LONDON (Reuters) – Iranian President Hassan Rouhani signed a bill into law on Tuesday declaring all U.S. forces in the Middle East terrorists and calling the U.S. government a sponsor of terrorism.
The bill was passed by parliament last week in retaliation for President Donald Trump’s decision this month to designate Iran’s elite Revolutionary Guards a foreign terrorist organization.
It was not clear what the impact of the new law might be on U.S. forces or their operations.
Rouhani instructed the ministry of intelligence, ministry of foreign affairs, the armed forces, and Iran’s supreme national security council to implement the law, state media reported.
The law specifically labels as a terrorist organization the United States Central Command (CENTCOM), which is responsible for U.S. military operations in the Middle East and Afghanistan.

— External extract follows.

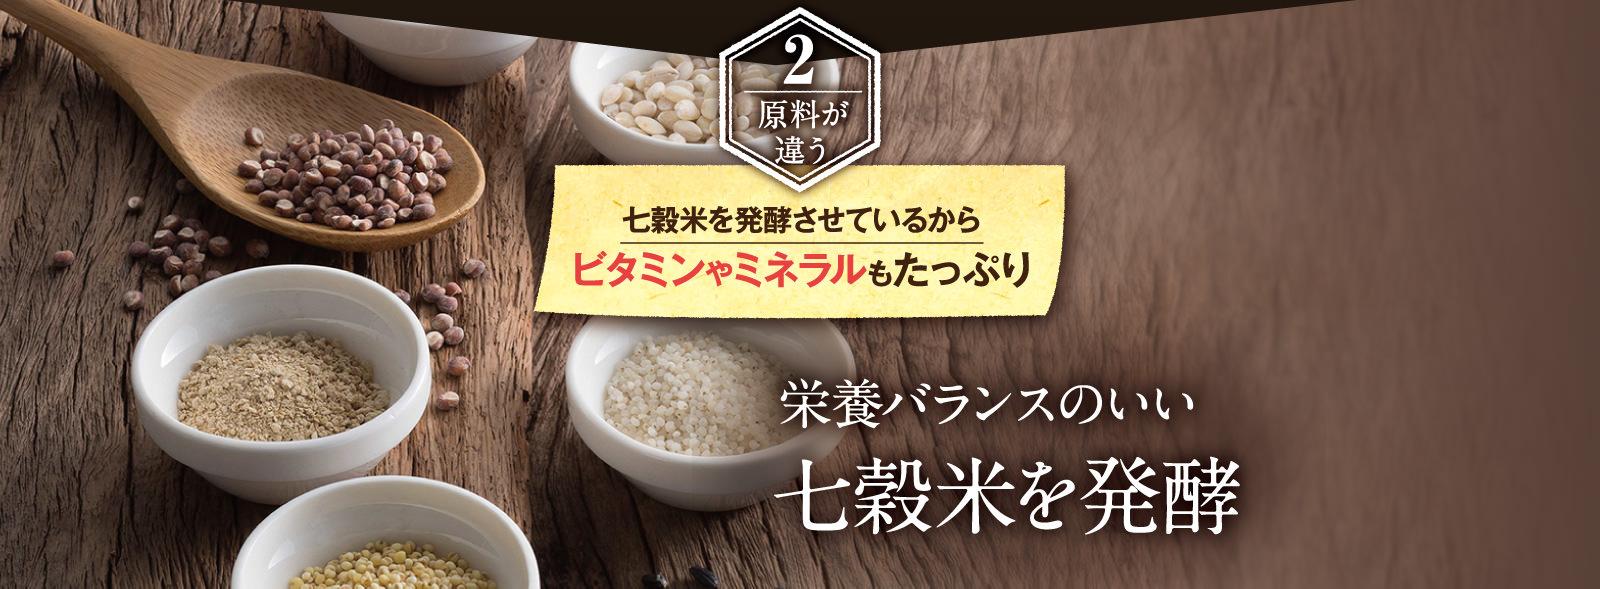 七穀米を発酵させているからビタミンやミネラルもたっぷり

The United States has already blacklisted dozens of entities and people for affiliations with the Guards, but until Trump’s decision not the organization as a whole.
Comprising an estimated 125,000-strong military with army, navy and air units, the Revolutionary Guards (IRGC) also command the Basij, a religious volunteer paramilitary force, and control Iran’s ballistic missile programs. The Guards’ overseas Quds forces have fought Iran’s proxy wars in the region.
The long-tense relations between Tehran and Washington took a turn for the worse last May when Trump pulled out of a 2015 nuclear deal between Iran and six world powers, reached before he took office, and reimposed sanctions.
Revolutionary Guards commanders have repeatedly said that U.S. bases in the Middle East and U.S. aircraft carriers in the Gulf are within range of Iranian missiles.
Rouhani said on Tuesday that Iran will continue to export oil despite U.S. sanctions aimed at reducing the country’s crude shipments to zero.